The date in roman numerals (MDCLII) is hidden within the author's name.

We got the words for our nonlinearity anagram poems from a wonderful anagram generator

Palindromes . . .

Palindromes are sentences or lines that read the same forward and backward. In 1980, David Stephens wrote a 58,000 letter palindrome "Satire: Veritas." Lawrence Levine wrote a palindromic novel of 31,957 words, Dr. Awkward and Olson in Oslo in 1986. "In Eden, I," a poem by Richard Cox published in Word ways takes the traditional 'Madam, I'm Adam' palindrome further. Each line reads the same forward and backwards. Here are some excerpts:

        Eve. Drowsy Baby's word. Eve
        Madam, I'm Adam
        Named under a ban, a bared nude man.
        Miss, I'm Cain, a monomaniac. Miss, I'm...
        Diamond-eyed no-maid!

This goes beyond a clever trick to become real poetry. Some lines have an almost Miltonic meter: "Even in Eden I win Eden in Eve"

[picture of a backwards-written letter by Lewis Carroll]

Writing ordinary words in reverse order can completely change their significance. To the right is a comical letter from Lewis Carroll to a young friend.

Jonathan Swift wrote this pseudo-Latin in a letter to Richard Brinsley Sheridan:

Mi sana. Odioso ni mus rem. Moto ima os illud dama nam?

It is really reverse English: I'm an ass. O so I do in summer. O Tom, am I so dull, I a mad man?

Lipograms . . .

Interesting ideas can be generated by prohibiting a particular letter from being used in a work. This is called a 'lipogram.' The first lipogram book in English was Gadsby written by Ernest Vincent Wright in 1939. Georges Perec of the Oulipo group wrote the lipogram novel A void which tells a story in 200 pages without using the letter 'e.' For a humorous example, read "Mary Had a Lipogram" reprinted in Making the alphabet dance by Ross Eckler.

Playing with sounds . . .

To ridicule the nonsensical rules of English pronunciation, George Bernard Shaw demonstrated that the word fish can logically be spelled ghoti:

        gh as in laugh
        o as in women
        ti as in nation

Homophonic translation means translating not the sense but the sounds from one language to another, or even within the same language. The Oulipo group play this game as well. Ladle Rat Rotten Hut, a small book put out by Swamp Press in Massachusetts, contains text which looks like nonsense, but when read aloud, sounds very familiar:

        "Wants pawn term, dare worsted ladle gull hoe lift
        wetter murder inner ladle cordage, honor itch offer
        lodge, dock florist. Disk ladle gull orphan worry
        putty ladle rat cluck wetter ladle rat hut, an fur
        disk raisin pimple colder Ladle Rat Rotten Hut."

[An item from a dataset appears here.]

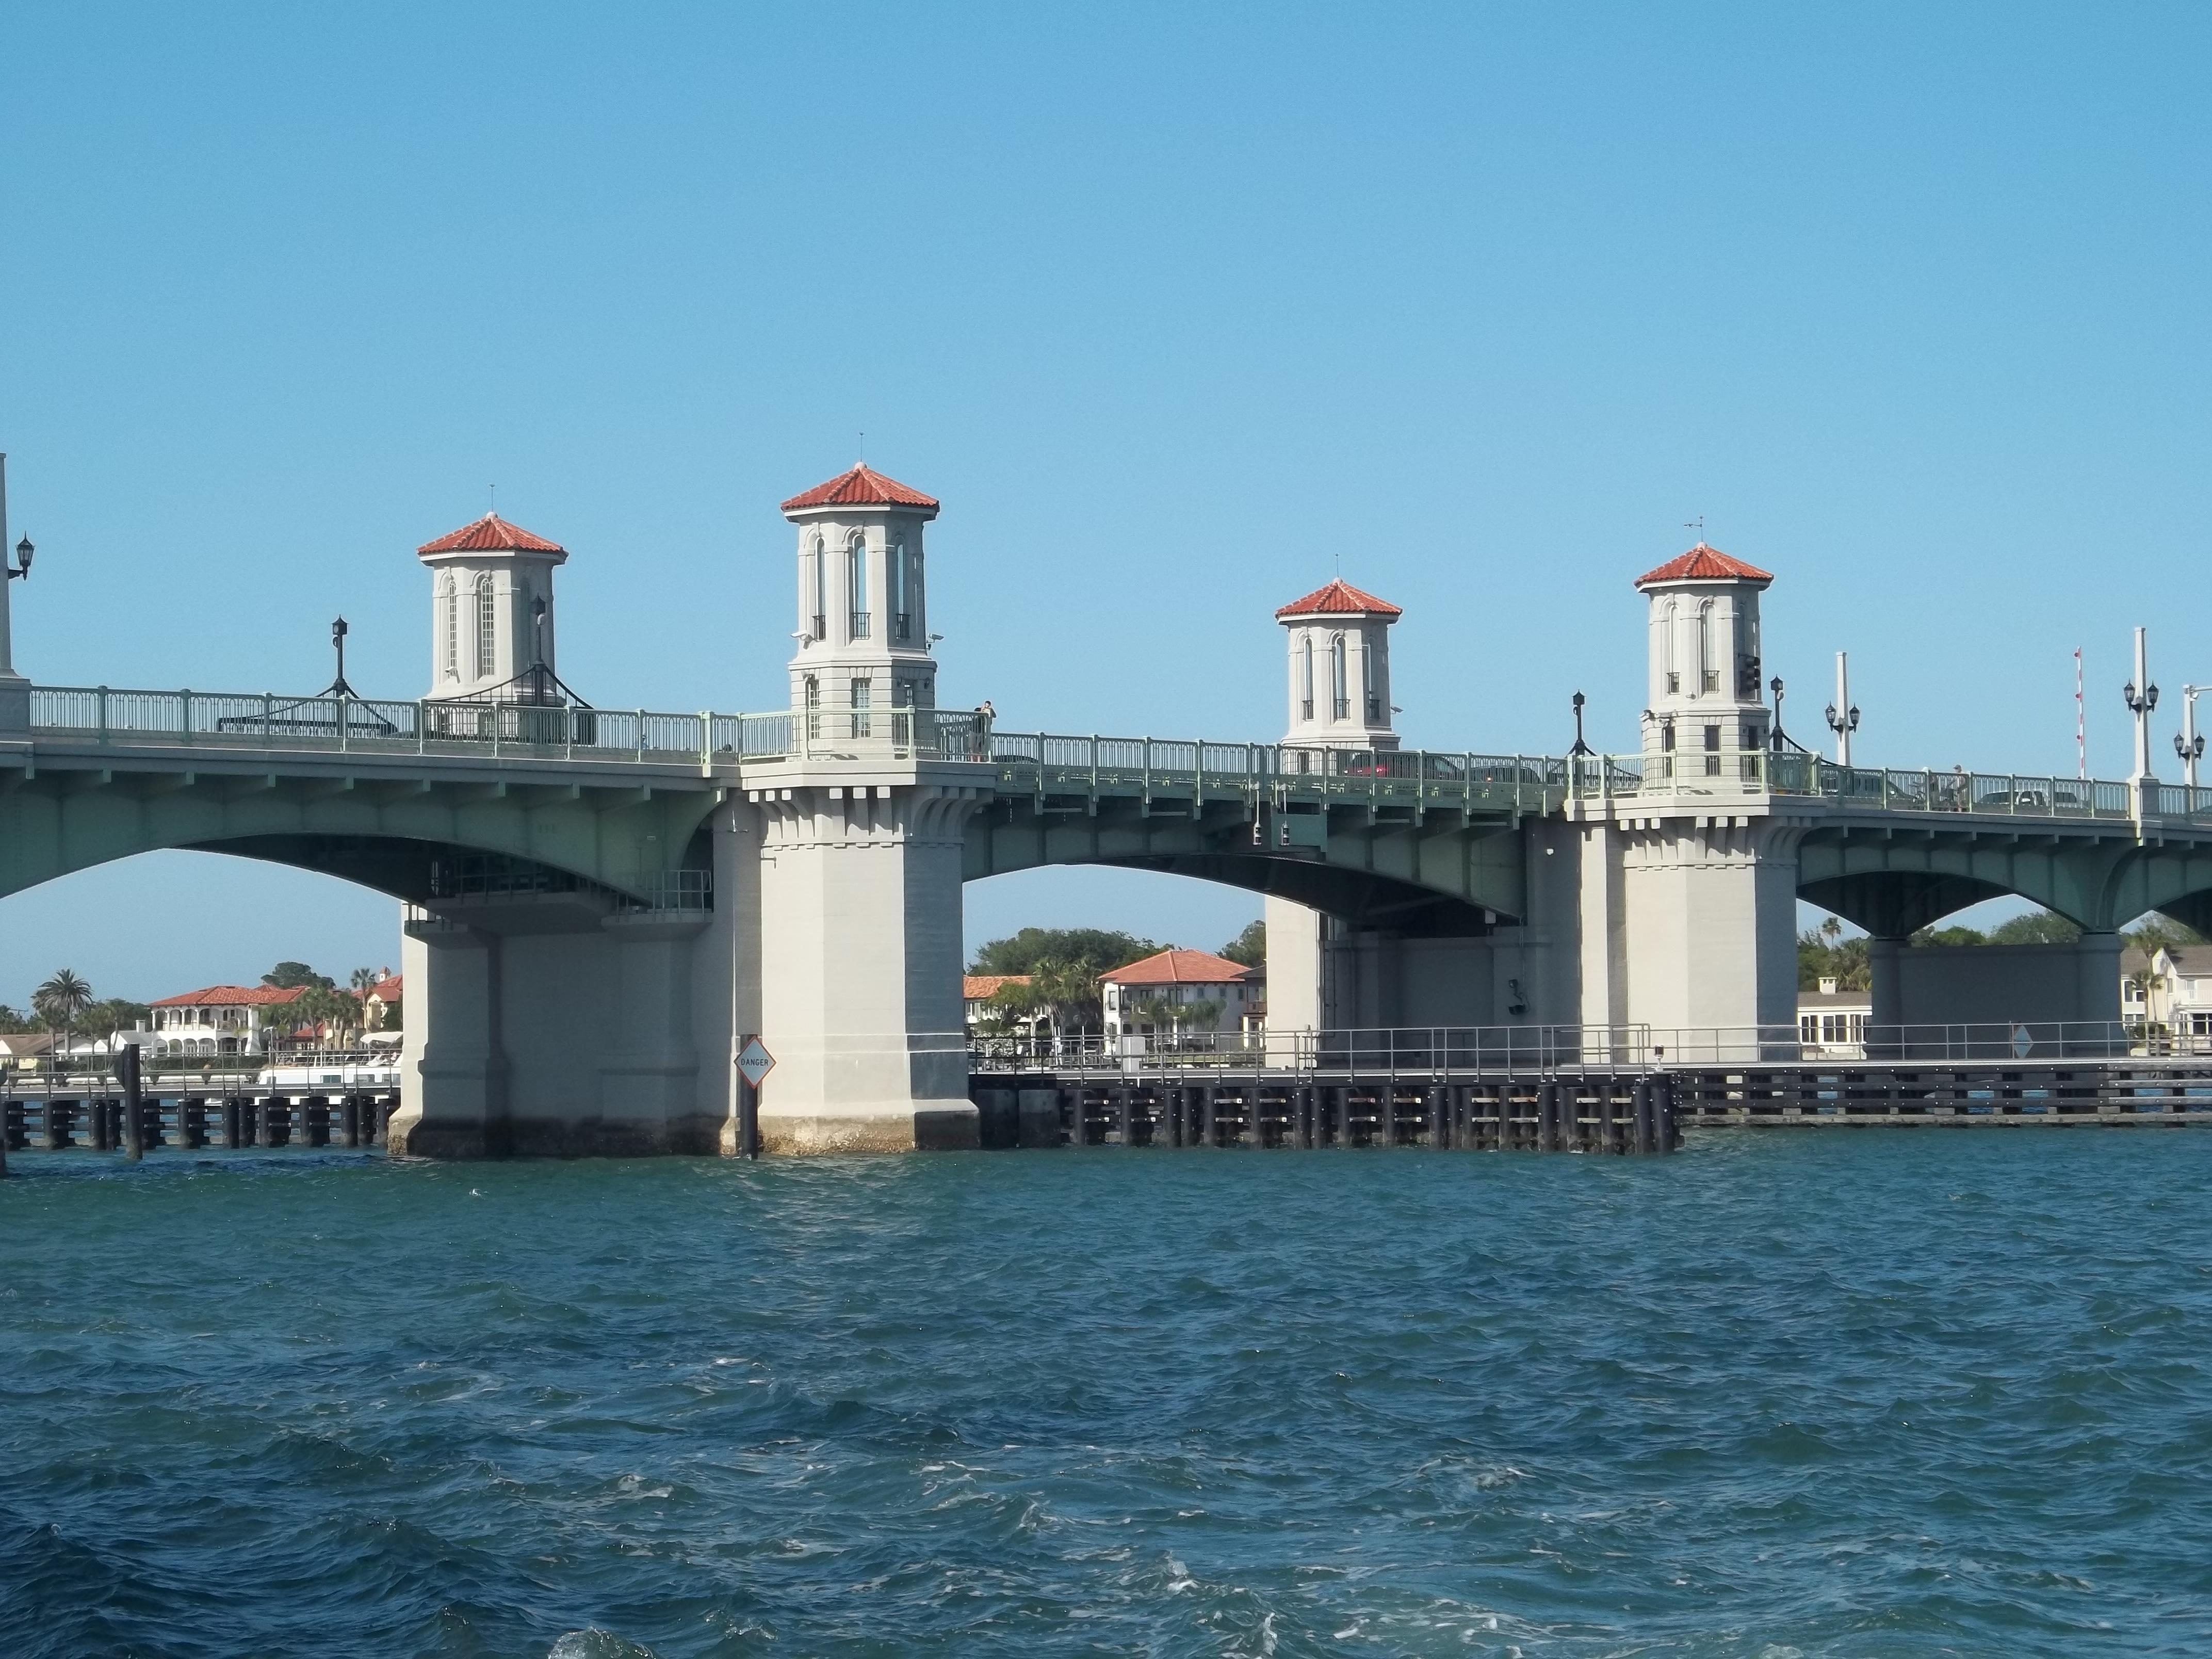 Treasure Island Florida Condos For Sale With Boat Slip

(The text for Ladle Rat Rotten Hut is taken from a longer work called The comic looking-glass, by H. Chase.)

James Joyce used homophonic translation to transform languages and fragments of languages, and to create his own brand of English from ordinary English: "Are we speachin d'anglas landadge or are you sprakin sea Djoytsch?" This madness has method in it. By using words that are between one thing and another Joyce can make them mean two things at once, achieving the simultaneity we spoke of on our Literature page. For example, the phrase: "they were yung and easily freudened" means 'young and easily frightened,' but it also carries inescapable overtones of psychoanalysis. "Great Shapesphere" means 'Shakespeare' but also 'the creator of the world' (and of the Globe!).

[picture of a rebus letter from Lewis Carroll]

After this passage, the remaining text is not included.